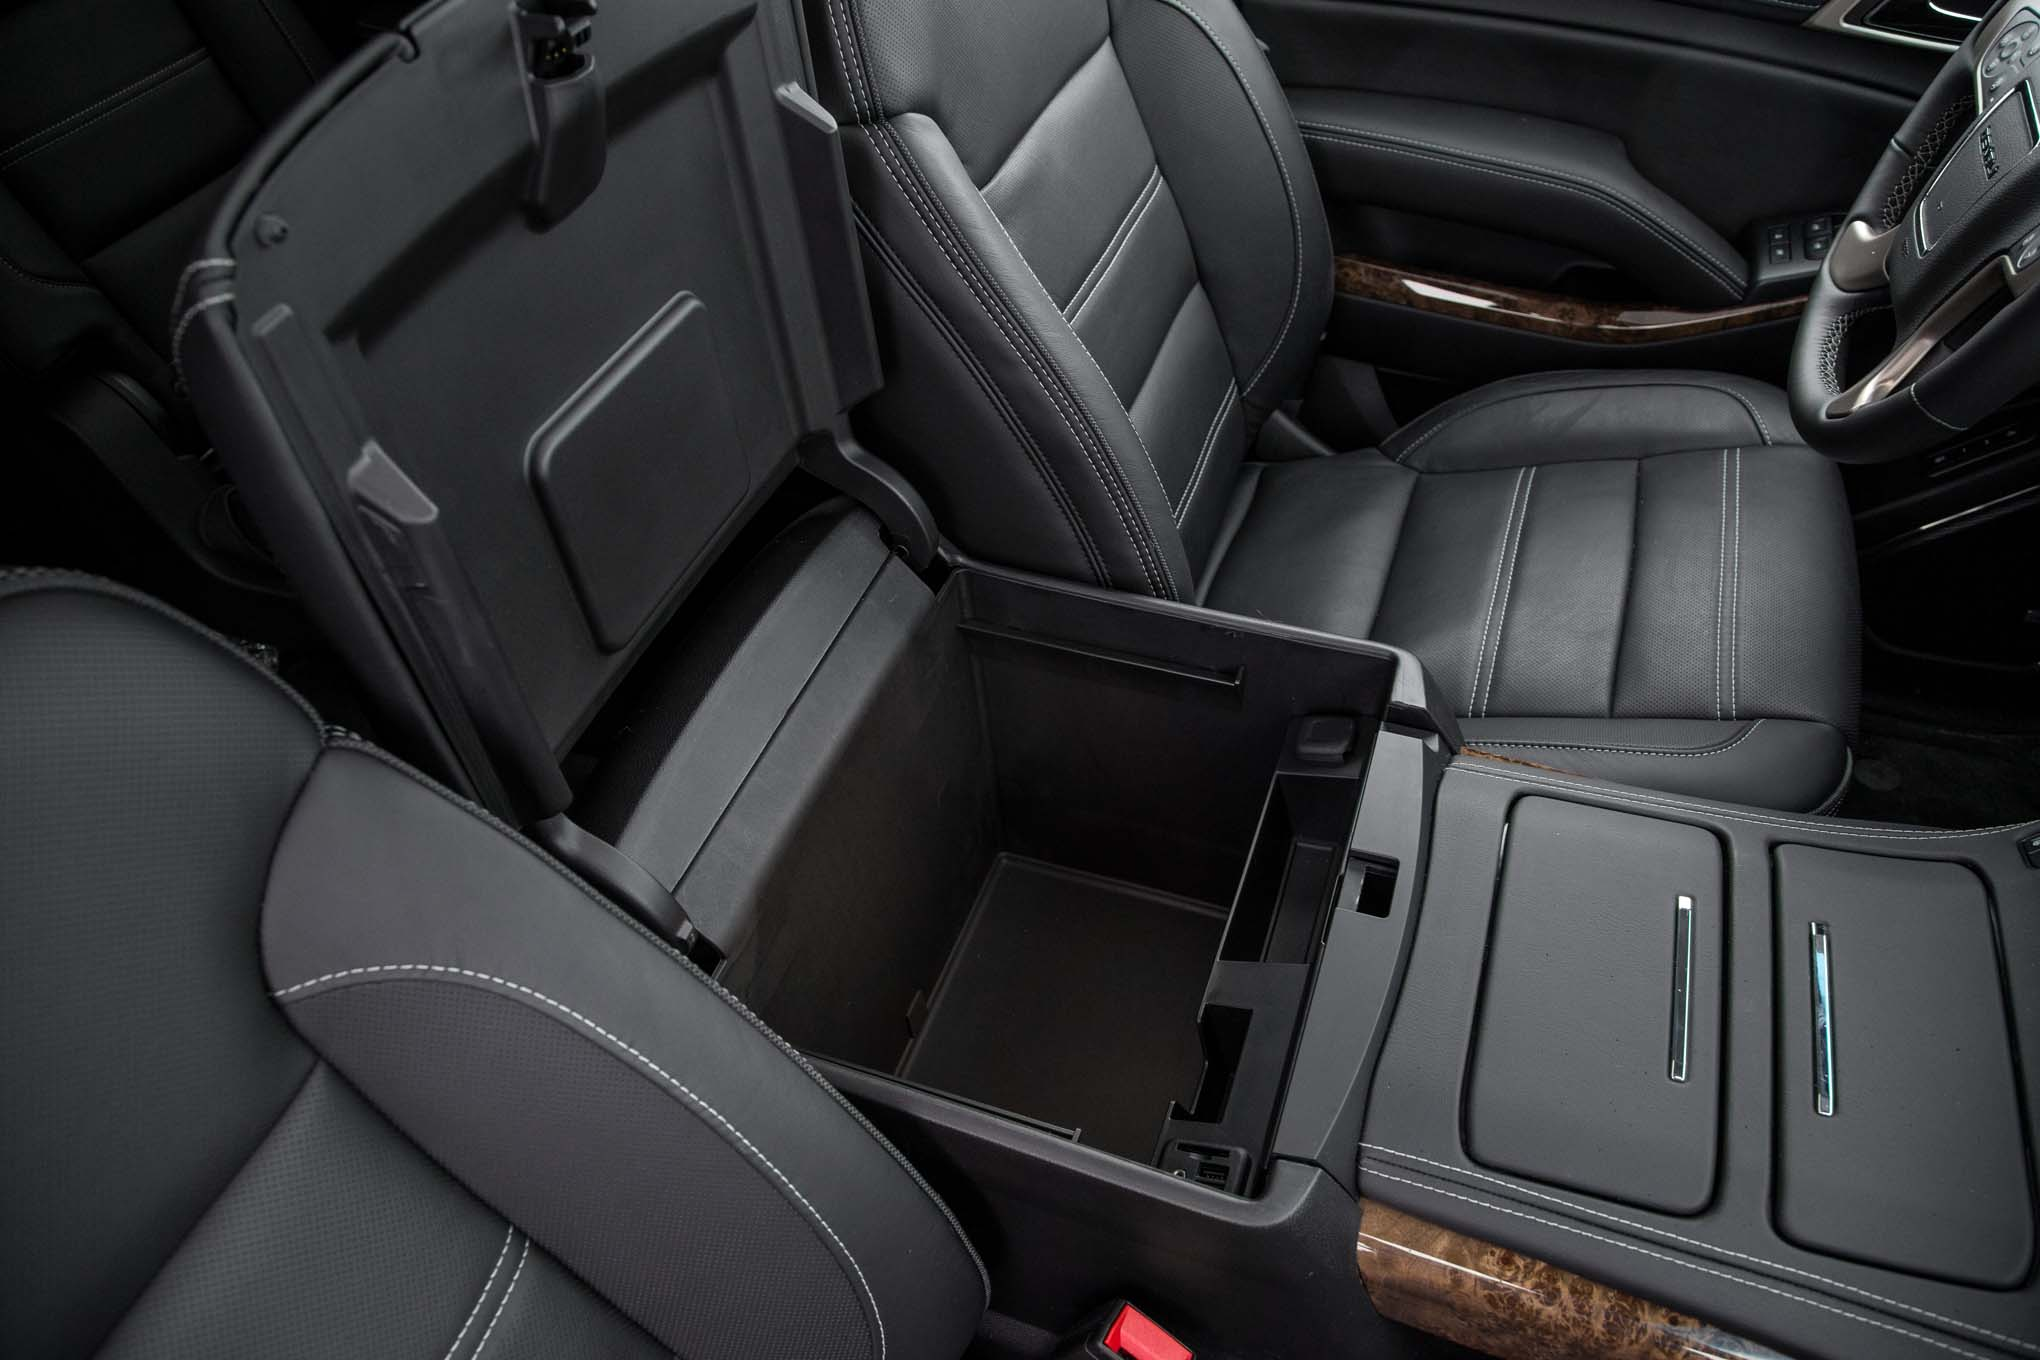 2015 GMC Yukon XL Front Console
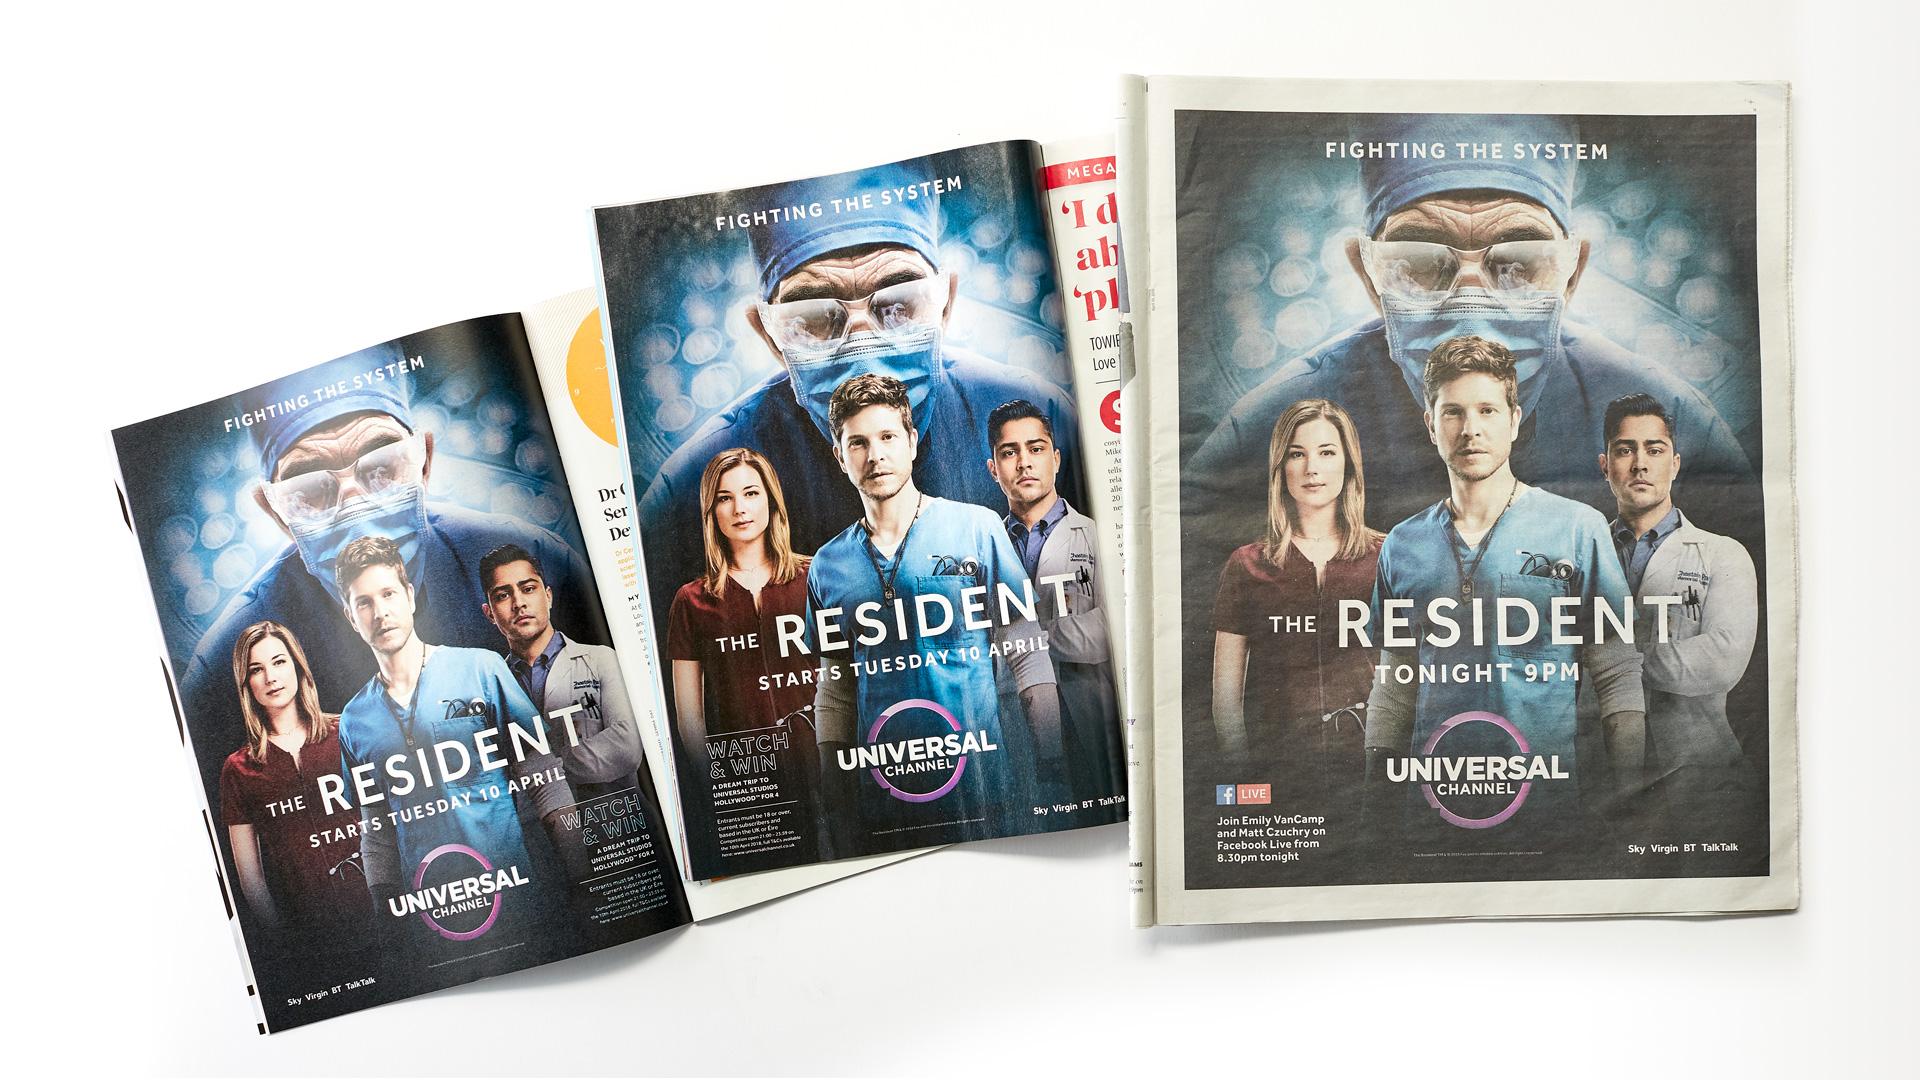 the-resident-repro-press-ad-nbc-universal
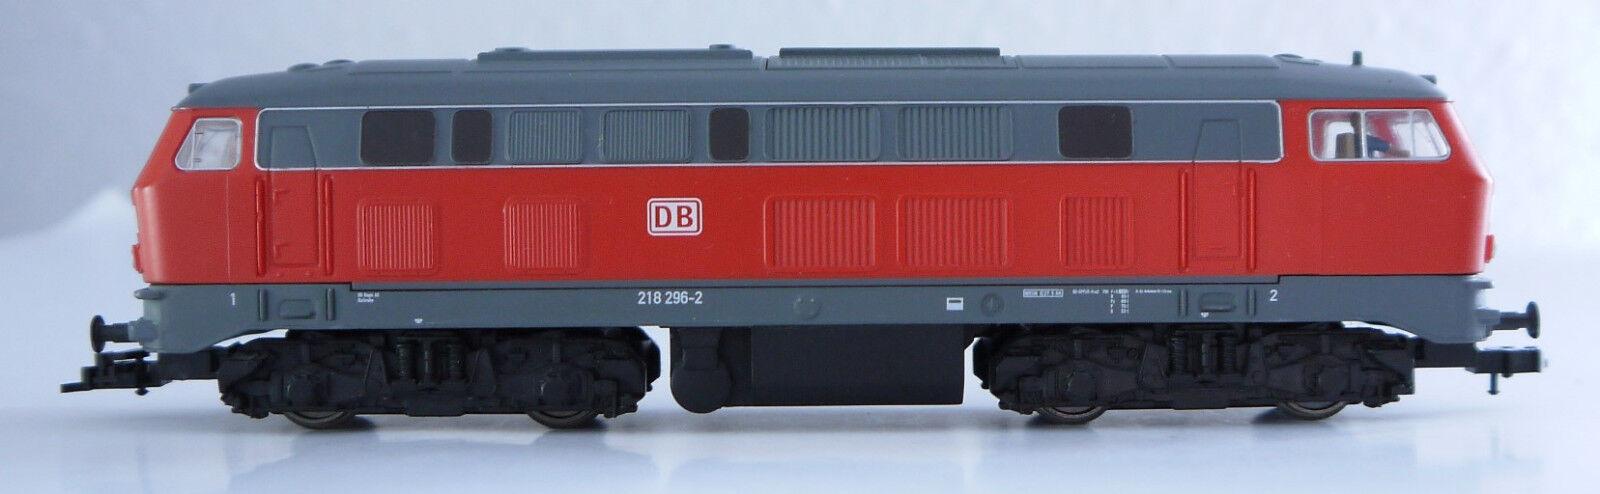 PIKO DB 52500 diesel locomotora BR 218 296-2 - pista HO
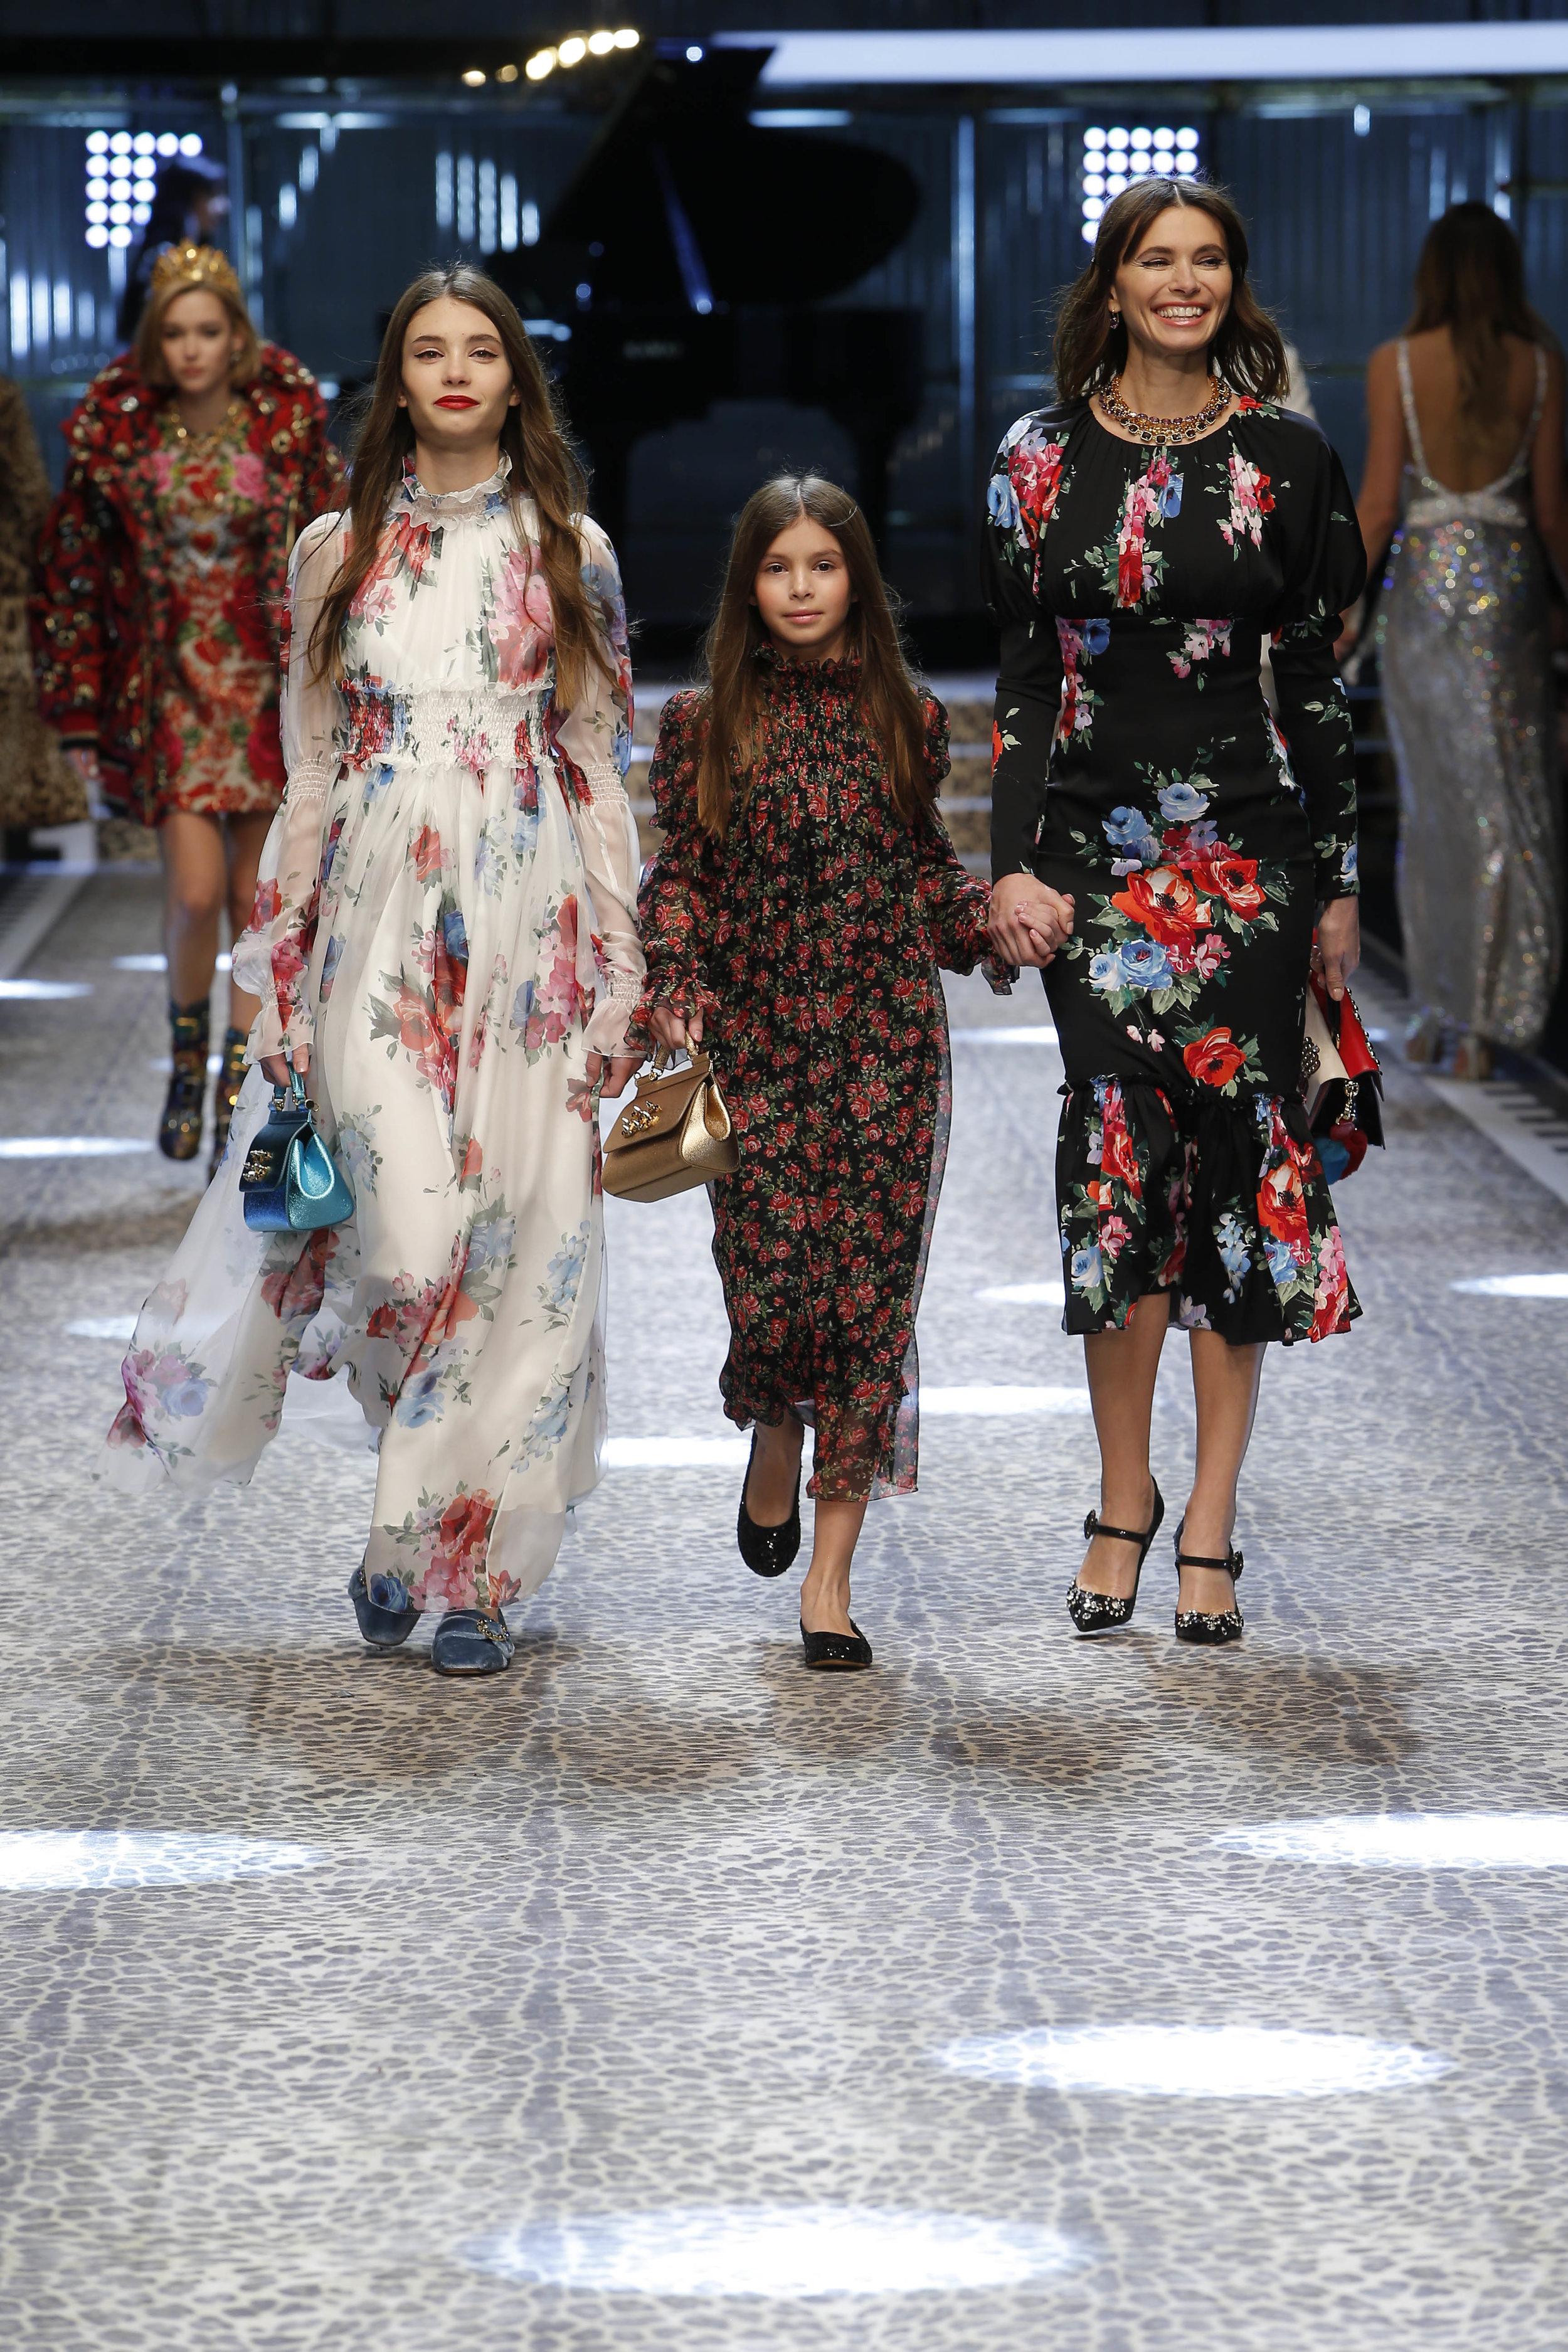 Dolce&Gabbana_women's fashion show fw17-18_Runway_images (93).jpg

______________________________

**What the task asks:** Copy only this, please: the line with "PIKO DB 52500" and every line after it through the end of the data, with no pictures.

**Completed exercise:**
 PIKO DB 52500 diesel locomotora BR 218 296-2 - pista HO
 Dolce&Gabbana_women's fashion show fw17-18_Runway_images (93).jpg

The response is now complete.